Two types of rolls: Attacks and Tasks. No saves--going 4e style with everything directly harmful being an attack. Tasks are everything else.

6 Archetype Scores: Knowing, Perceptive, Precise, Strong, Tough, and Willful. (names not final). Range from 0 - 5. Set partially by class (which gives +2 to one and +1 to another), partially by lineage (granting a +1 to two different values, stacking), and partially by choice (another stacking +1). Over 10 levels you get +1 to two more. Weapons specify either STR or PRE for attacks; spells specify either KNO or PER for their attacks. 

Both kinds of rolls are (1d20 + boost die) + Archetype Bonus >= TN. TN is one of (physical defense, magical defense) for attacks, or a fixed static value (range 10-20, with <10 being auto-success) for tasks.

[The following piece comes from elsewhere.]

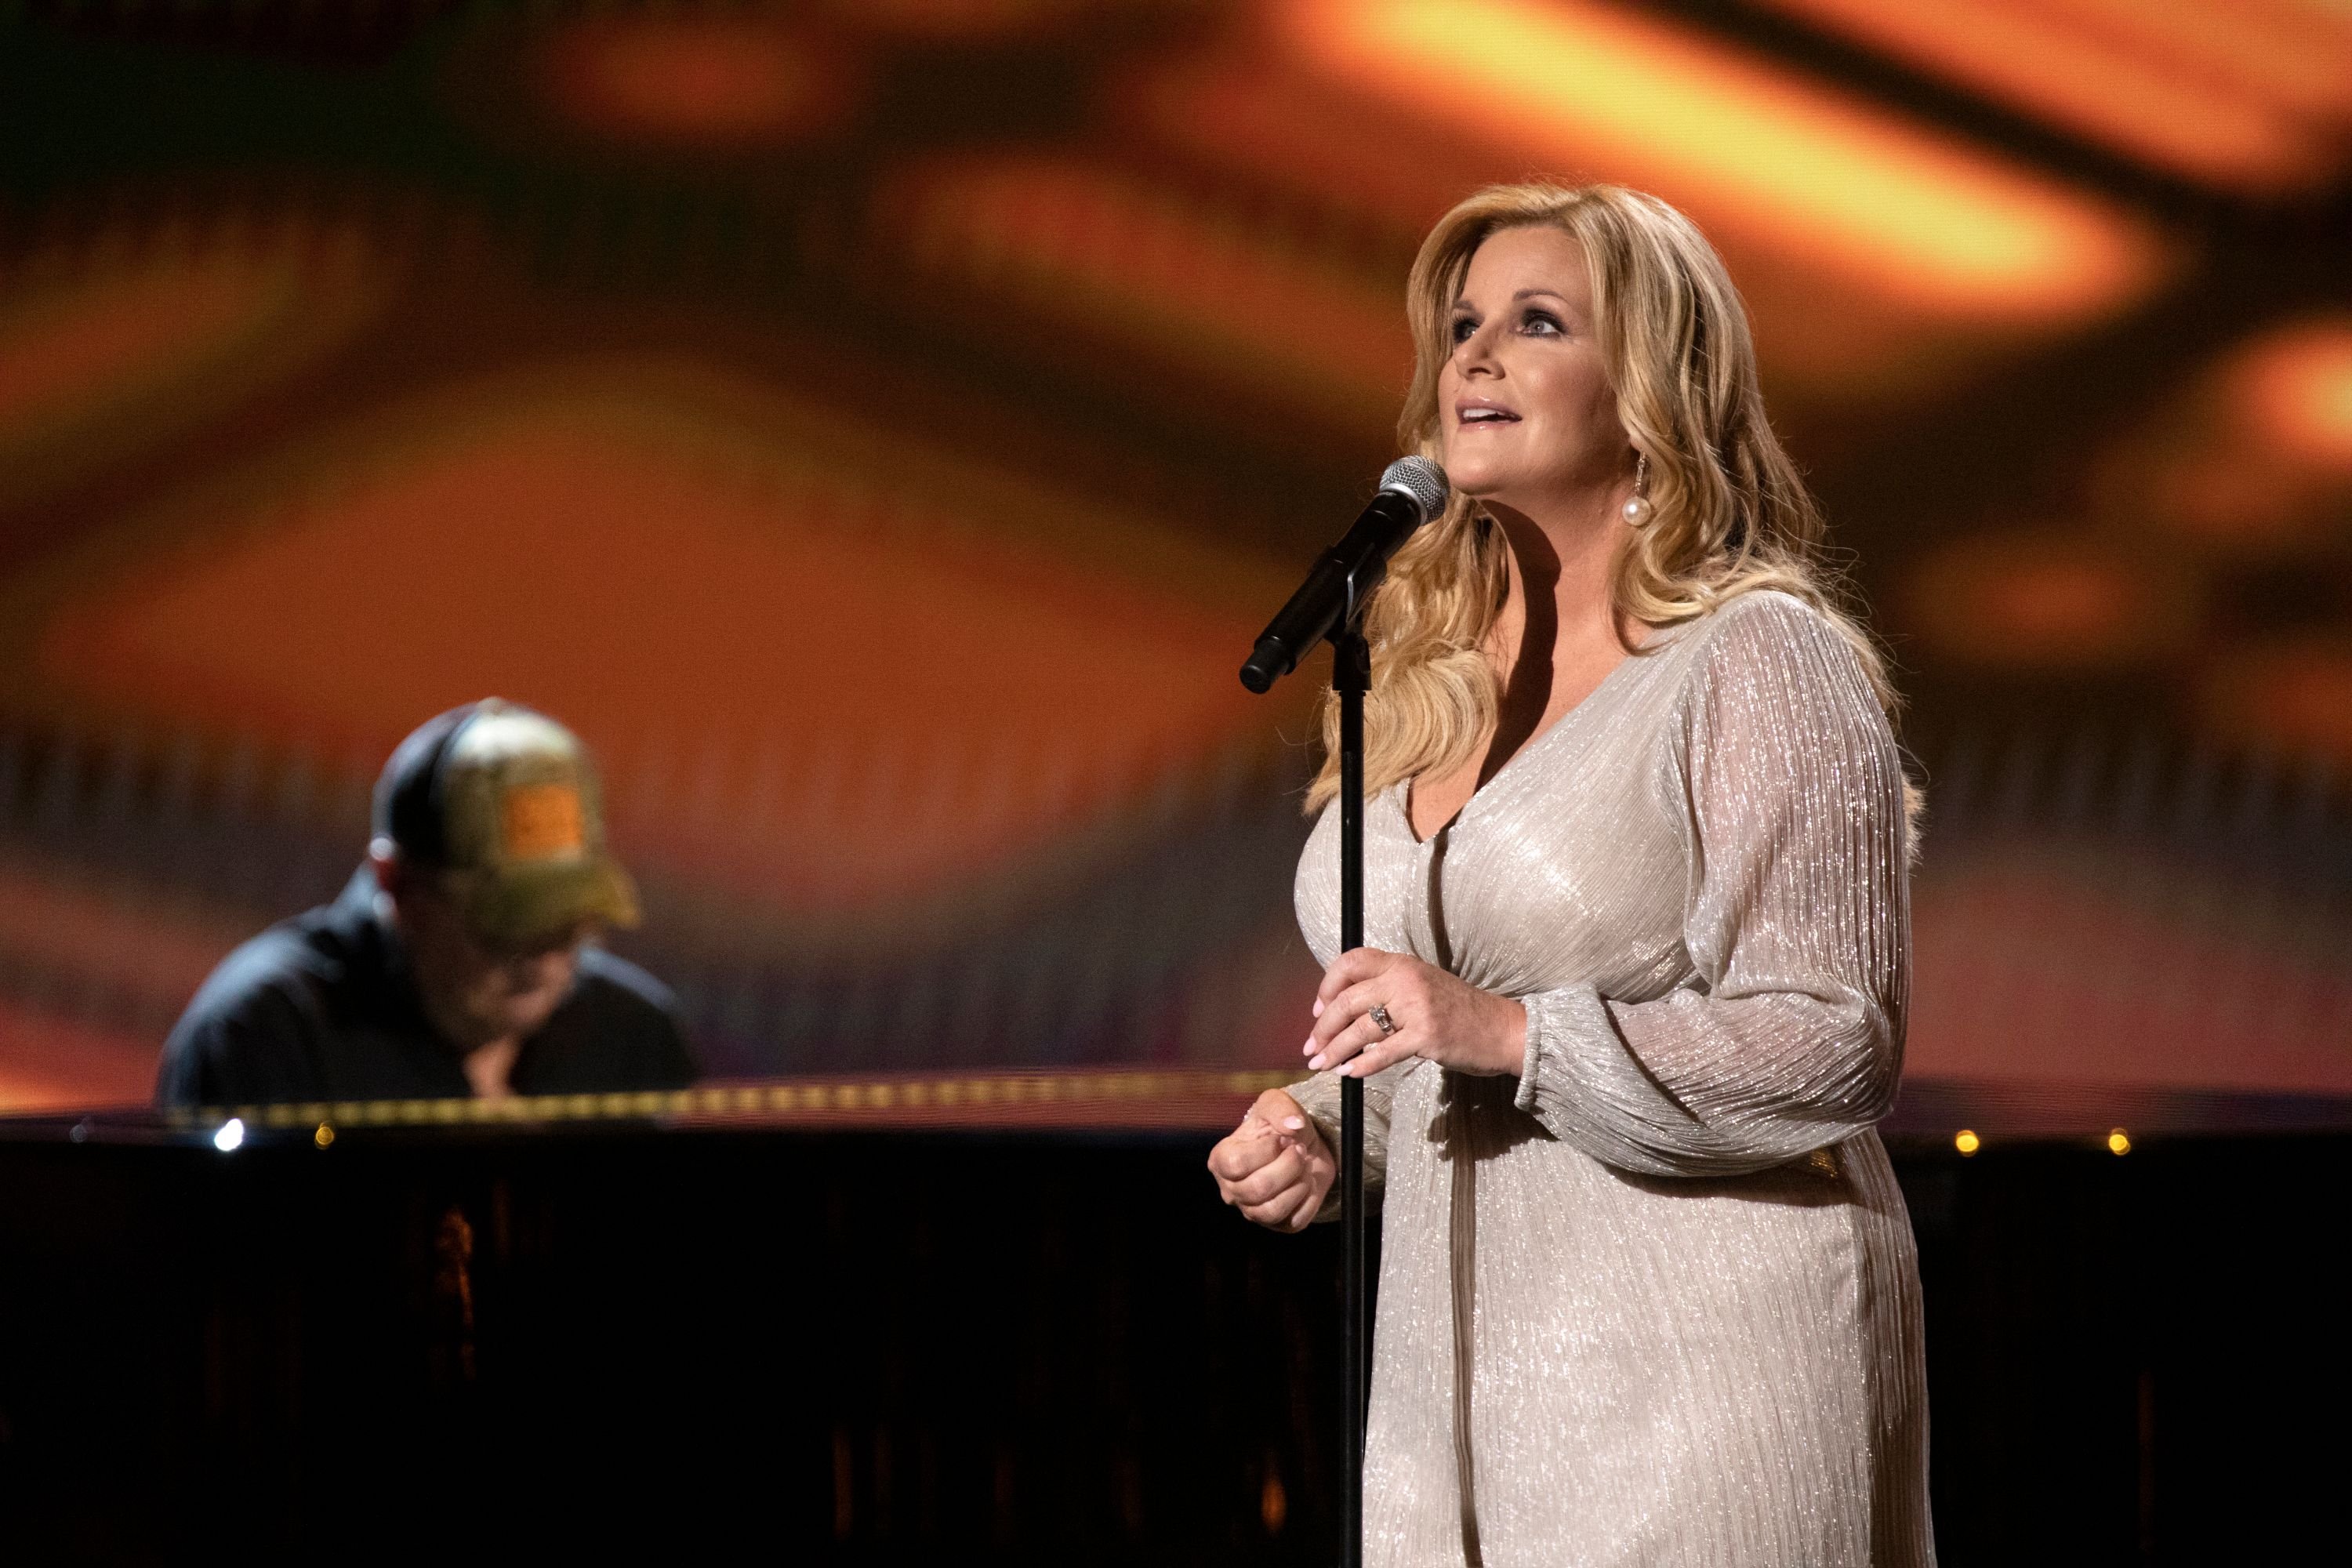 Trisha Yearwood at the 55th Academy of Country Music Awards in 2020 in Nashville, Tennessee | Source: Getty Images

Special thing here is the boost die--that includes all the effects of various things. By default, your boost die is 0. Each class gives training in two archetype that increases with level; this training basically sets your base boost die for any roll using that archetype. At higher levels, it also puts a floor -- at Master, you can't fail a TN 10 check. At Grandmaster (the highest), you can't fail a TN 12 check.

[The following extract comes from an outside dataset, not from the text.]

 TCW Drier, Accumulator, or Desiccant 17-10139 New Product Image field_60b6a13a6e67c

Other things may modify your boost die (applying Boost N / Bane N, which increases or decreases your boost die accordingly _for all checks_, so your actual boost die is your base for that archetype + the global modifier:

Boost level | Boost Die
-4 | -1d10
-3 | -1d8
-2 | -1d6
-1 | -1d4
 0  | 0
+1 | +1d4 
+2 | +1d6
+3 | +1d8
+4 | +1d10
+5 | +1d12

Damage for attacks is separate, but importantly "critical hits" (aka total on d20 + boost die > 20) for attacks do not increase damage, they impose conditions that affect the boost die (mostly).

That's it--everything revolves around modifying the boost die. Everything _else_ is static at any given level.

The two defenses are set by your class and an archetype (Base + archetype, using TOU for physical and WIL for magical); armor acts as damage reduction not deflection.

Monsters do not make task rolls--instead they have features which modify the boost die (so a perceptive guard means you're making a Precise Task Roll against an environmental TN with bane N).

Training (applies to archetypes):
Hindered: Base boost is -1. If hindered by armor, cannot cast spells in armor.
Neutral (default): Base boost is 0.
Journeyman: Base boost is +1
Master: Base boost is +2, treat any total below 10 as 10.
Grandmaster: Base boost is +3, treat any total below 12 as 12.

Two questions:
1. Does this look sane? Are there obvious flaws here? Is this clunky? Have I described it anything like sensibly?
2. Are there systems that already do something somewhat similar (flat die + "modifier die") I can crib off of/gain inspiration from?

The VERY VERY VERY ROUGH draft of my initial thoughts here is in a google doc (CC-BY-SA 4.0 license)

----------


## aimlessPolymath

> 1. Does this look sane? Are there obvious flaws here? Is this clunky? Have I described it anything like sensibly?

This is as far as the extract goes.